Config::load_str() is used in tests to construct configs from inline TOML strings without any filesystem access. every config test works fully offline.

chapter 21: the pnl tracker

the PnlTracker is the bot's financial conscience.

it records every submission: gas spent, profit or loss, cumulative totals. it persists state to disk atomically (write to .tmp, then rename, preventing corrupted state files on crash). when the bot restarts, it reloads from disk and continues from where it left off.

it also enforces the budget limits:

pub fn is_budget_exhausted(&self) -> bool {
    self.remaining_usd() <= self.kill_at_usd
}

pub fn is_budget_low(&self) -> bool {
    self.remaining_usd() <= self.warn_at_usd
}

the budget_watchdog task polls these methods every 60 seconds. if is_budget_exhausted() returns true, it returns an error, which triggers the supervisor to shut down everything cleanly.

this means the bot cannot spend more than the configured budget. even if something goes catastrophically wrong, the kill switch fires before the account is drained.

part iv: the "ah fuck" moments

chapter 22: the ghost chain problem

the issue: my phase 9 plan was to validate the bot on Arbitrum Sepolia, the public testnet. it has real infrastructure, real contracts, a real sequencer feed. it seemed logical.

the reality: Arbitrum Sepolia has virtually zero real DEX activity. the Uniswap V3 pools exist in name only. no one is trading. the Balancer V2 Vault is deployed but unused. the sequencer feed is alive but delivers nothing economically interesting.

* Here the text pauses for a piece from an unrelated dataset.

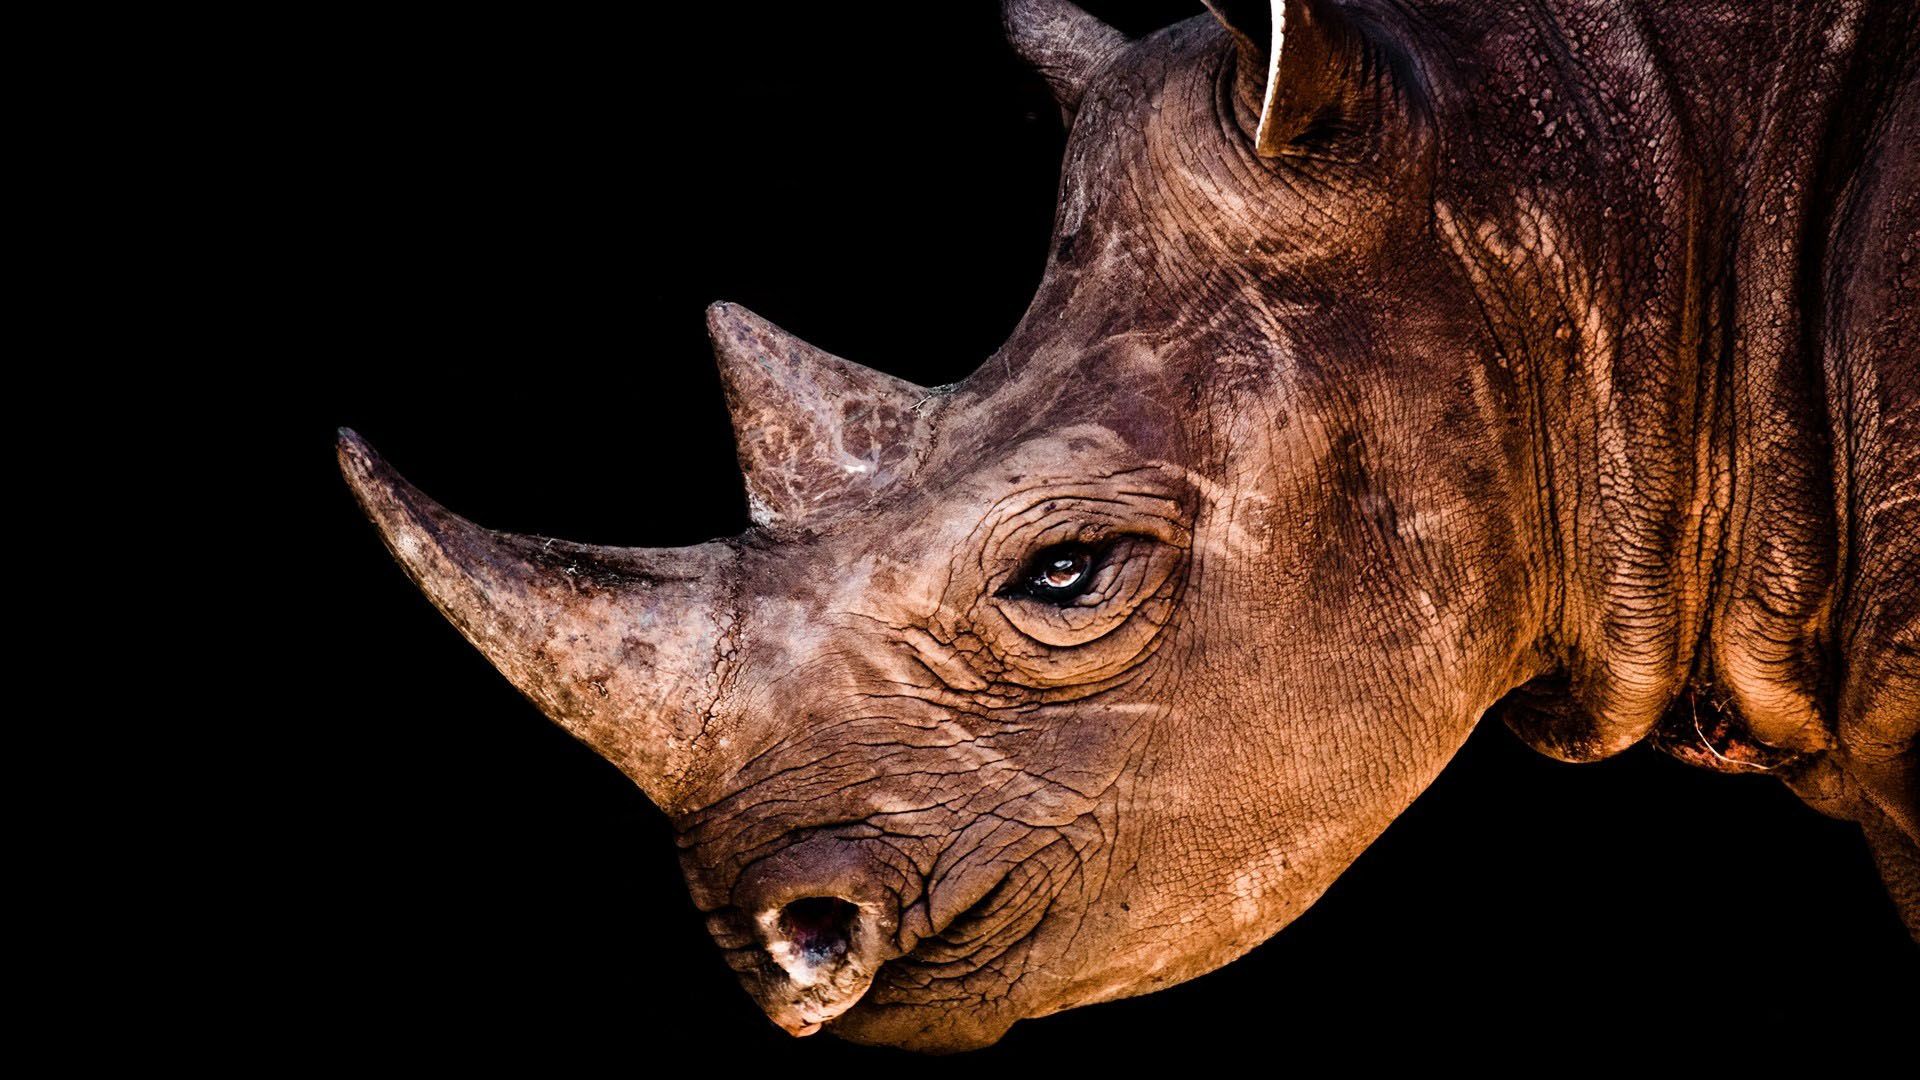 Rhino Wallpaper. Rhino Wallpaper, Rhino

so i deployed the bot to Sepolia and waited.
nothing.
no swaps. no opportunities. no data.
the bot was working perfectly. there was just nothing to detect.

the fix:

instead of validating against a dead testnet, i pivoted to an Anvil mainnet fork, a local fork of real Arbitrum mainnet at a specific historical block (block 105,949,098). this gives:

real pool state (real reserves, real prices)
real contract addresses (Uniswap, Camelot, Balancer)
full local EVM control

the live sequencer feed still connects to real Arbitrum and delivers real event data. the simulation runs against the pinned local fork. dry_run = true means no real money is ever spent.

this is the closest safe approximation to mainnet behavior before a live run.

i also added a --self-test flag to the binary that injects synthetic pool states and a fake DetectedSwap event into the pipeline, then verifies the detection logic fires correctly. this runs in under a second and requires no network connection at all. useful for CI and smoke testing.

lesson: public testnets are useless for MEV validation. mainnet forks are the real tool.

chapter 23: the invisible swaps problem

the issue: during the Anvil fork validation, i connected the bot, watched the logs, and saw... nothing. the feed was connected. blocks were mining. but the pool store was reporting zero detections.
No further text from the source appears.